In maintaining order, the prince has some rules of thumb to follow. He should keep his word unless deceit is specifically called for. He should use admired private virtues if they do not interfere with the play of political power. A conception of human nature operates here. Machiavelli thinks the plain man is capable of some loyalty to a ruler. However, such a man is easily led. “Men are so simple,” Machiavelli writes, “and so ready to follow the needs of the moment that the deceiver will always find someone to deceive.” A prince must know how and when to mingle the fox’s cunning (the ability to avoid traps) with the lion’s strength (capacity to fight the wolves). He should often conceal his real motives. Internally, he must avoid conspiracies. Externally, he should keep enemies fearful of attacking. Against conspirators, the prince always has an advantage. Conspirators cannot work in isolation; thus they fear the existing laws and the threat of detection. Only when the population shows some open hostility need the prince genuinely fear conspirators.
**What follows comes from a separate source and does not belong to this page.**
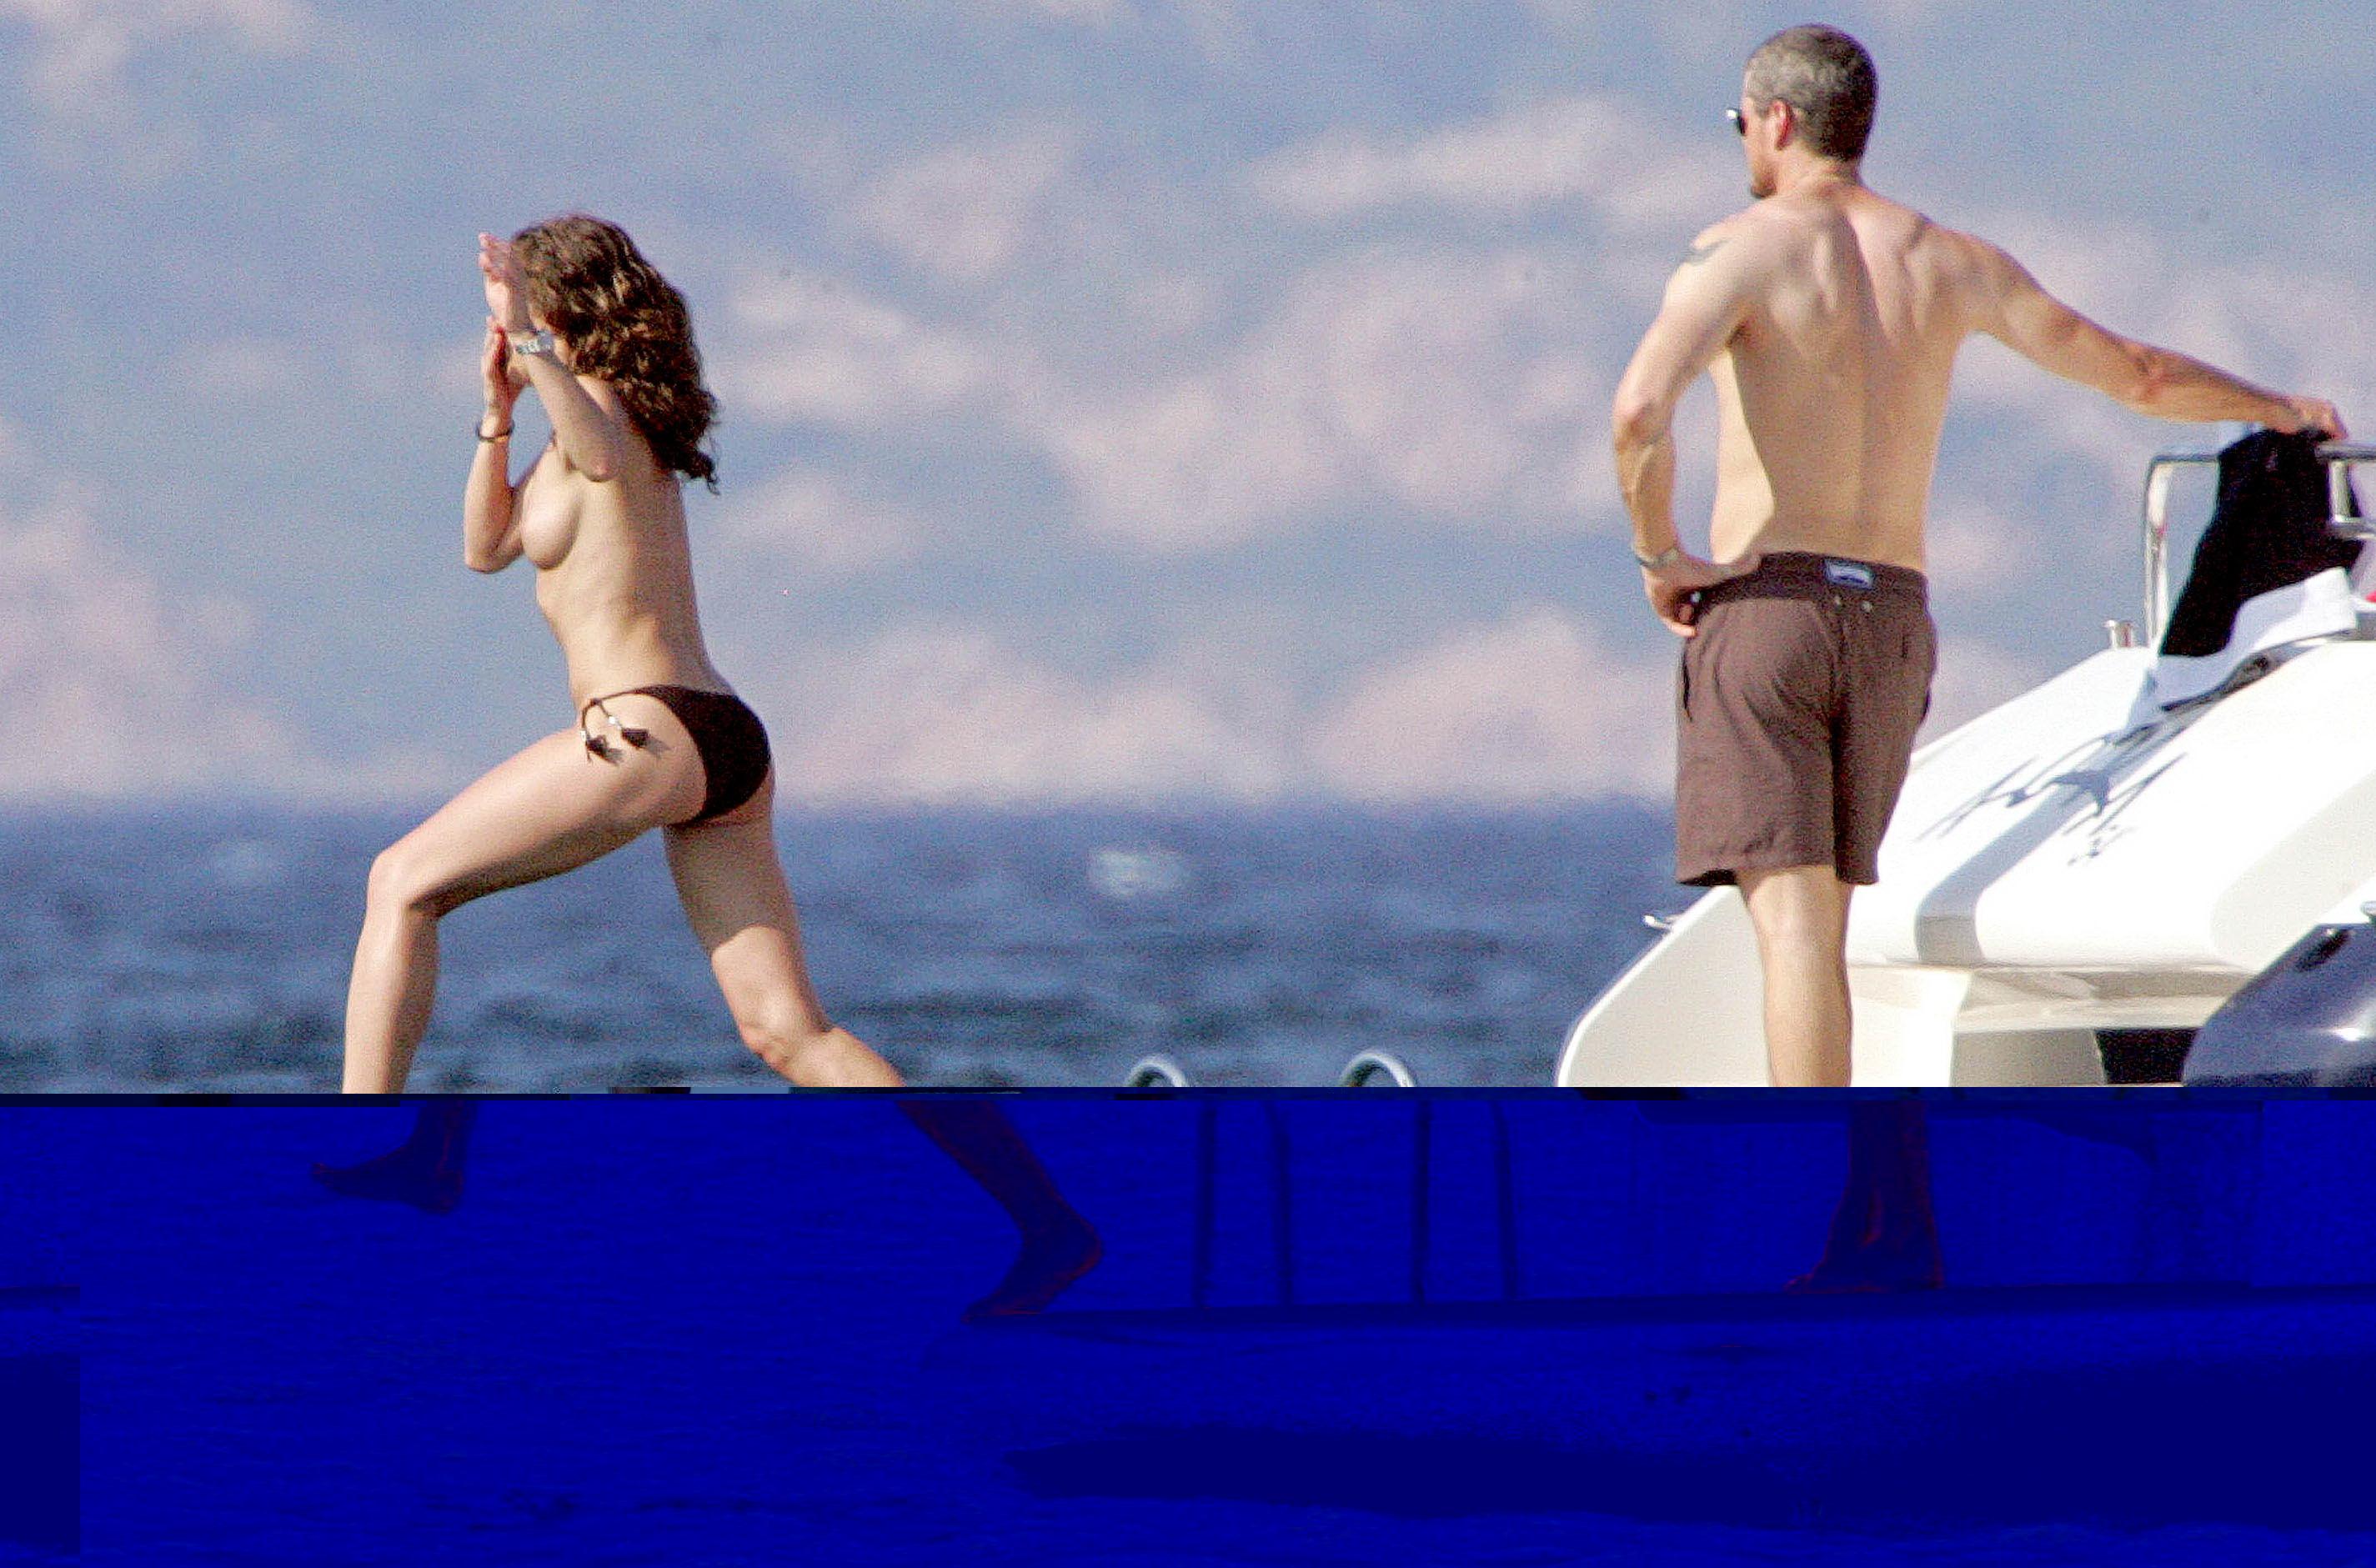 Eric Dane Sex Tape 3sum - XVIDEOSCOM

Machiavelli realizes that people seldom get to choose the circumstances most favorable to their political hopes. They must settle for what is possible rather than for the ideal. Princes must avoid the lures of utopian political constructions, “for how we live is so different from how we ought to live that he who studies what ought to be done rather than what is done will learn the way to his downfall rather than to his preservation.” Machiavelli regards people as weak, fickle, and subject to changing loyalties. These psychological traits are the bedrock on which a wise prince must build his policies.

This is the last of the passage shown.